I have just come back from the Epiphany service  - the one service in the year where we use frankincense - and taken down the last of the decorations.    The angels go in an old Clarks shoe box from one of the daughters - it is  marked 29/11d !  The angel on top of the tree is called 'wide eyed and legless' because she is.  The dizzy blonde with the pink feather skirt is a relic of the 60's when I had a very trendy silver tree with all pink baubles and a pink angel.
Then there are all the decorations which have come from travels abroad - President Clinton's cat Socks (or was it President Bush?),  a shell from the Florida Keys, two from Russia, Niagara Falls, Prague and so on.  I took the Christmas tree down yesterday and started the long process of packing them all away in boxes and then into the enormous hide case which used to belong to George's father.

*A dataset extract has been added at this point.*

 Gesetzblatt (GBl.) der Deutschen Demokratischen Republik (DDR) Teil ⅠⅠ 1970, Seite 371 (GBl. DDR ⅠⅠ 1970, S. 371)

These are my delusions of grandeur decorations - all gold and glitter and OTT.   Alongside these is my collection of Harrods dated baubles - all in their Limited Edition boxes.  One day maybe I shall sell them on eBay !
This one we bought in New Orleans on the Natchez Mississippi steam boat.....

Here are a couple given to me by a bellringing lacemaking friend , a little church from Niagara and

a key from my 21st birthday!  Am I mad? and then a little angel  made ingeniously from beads threaded
onto safety pins by my Dutch on-in-law's mother !    Now all that is left are the three kings...

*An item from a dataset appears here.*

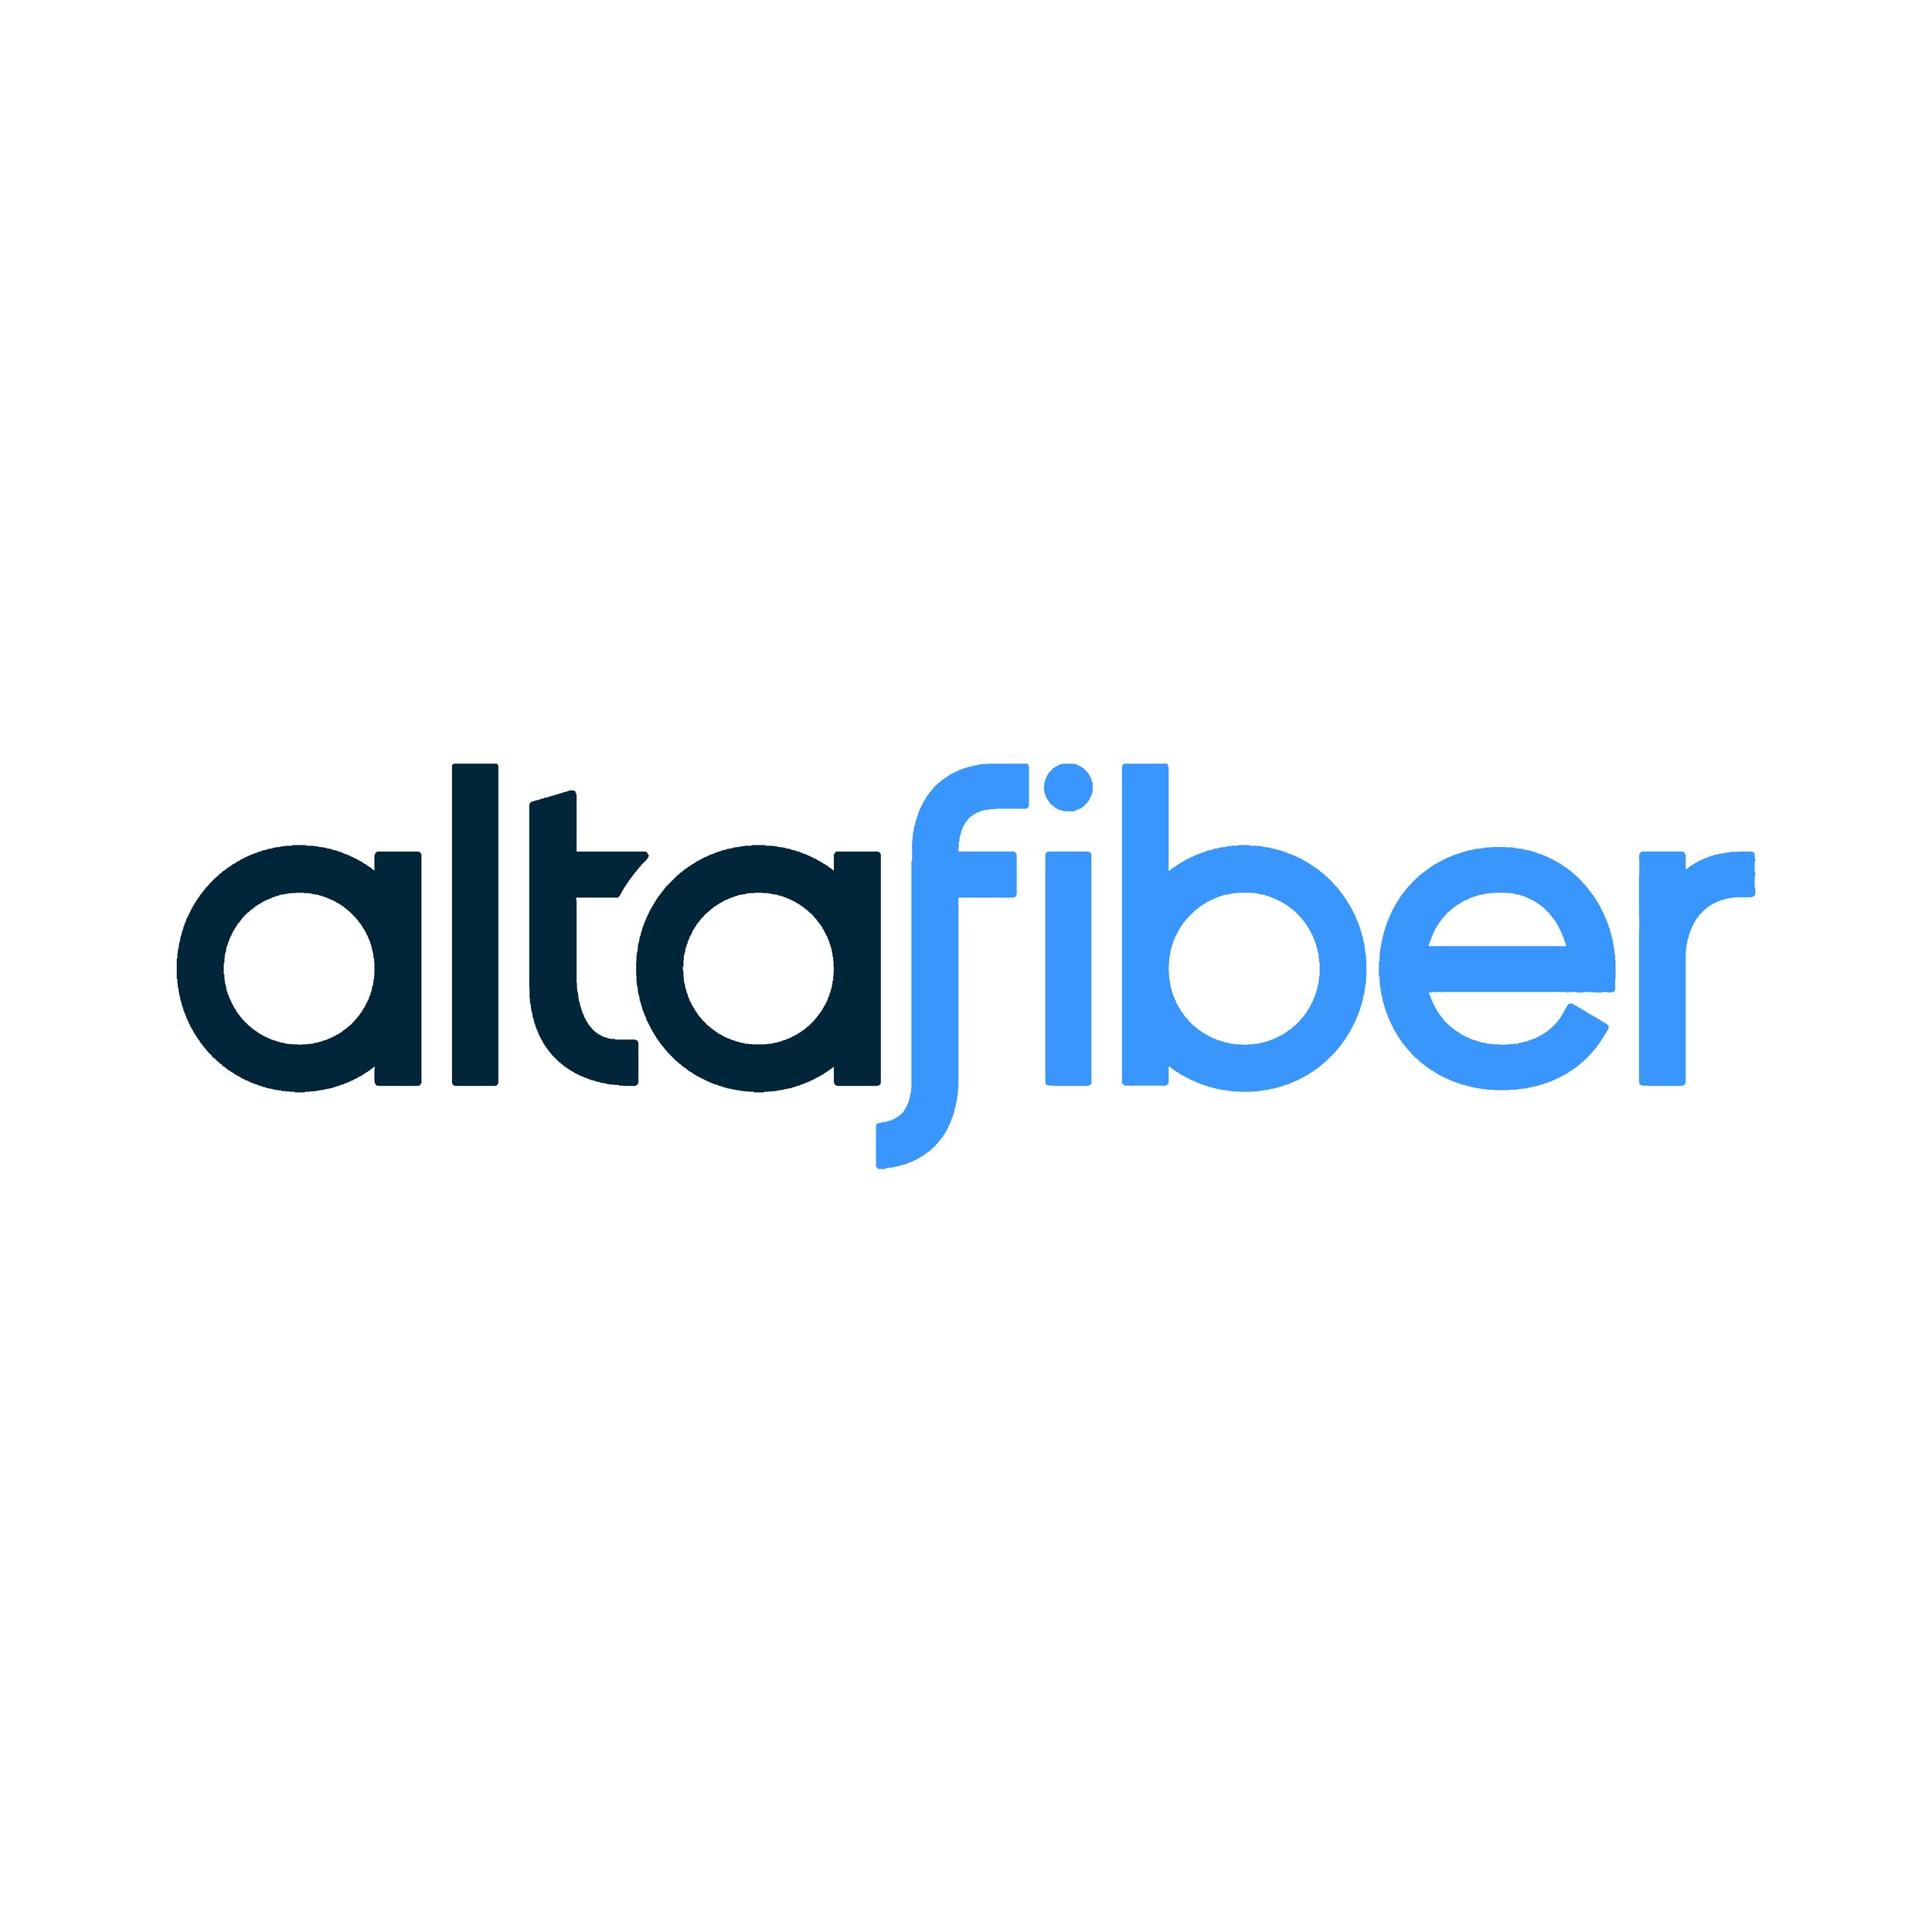 Altafiber-Logo.jpg

 and they only arrived tonight so they can stay a few days longer.  Actually, the vicar told me this evening that they could stay until Candlemass, but I cannot have them around for that  length of time!   They'll get dusty!

Each year I unpack all the decorations greeting them as old friends  and then a couple of weeks later pack them all away again in their tissue paper and back into their boxes.    Each year I say I am not buying any more and each year I do and somehow I find room for them on the tree.  I also  have another suitcase full of baubles from my mother's tree - how can I throw them away?

I am a sight!  I have a lovely black eye and it wasn't George hitting me although goodness knows I give him enough provocation with my piles of   fabrics, threads and unread newspaper articles!   I have been to hospital to have a small slice cut out of my cheek so they can do a biopsy.  I had to have TWO local anaesthetics as the first one didn't work so I am swollen and bruised with a couple of bloody stitches.   That was two days ago and it has got to the stage where it is itching like mad but I cannot have the stitches out until Monday.  Some people are very polite and pretend it isn't there and others assume I have fallen over!  Drunk again.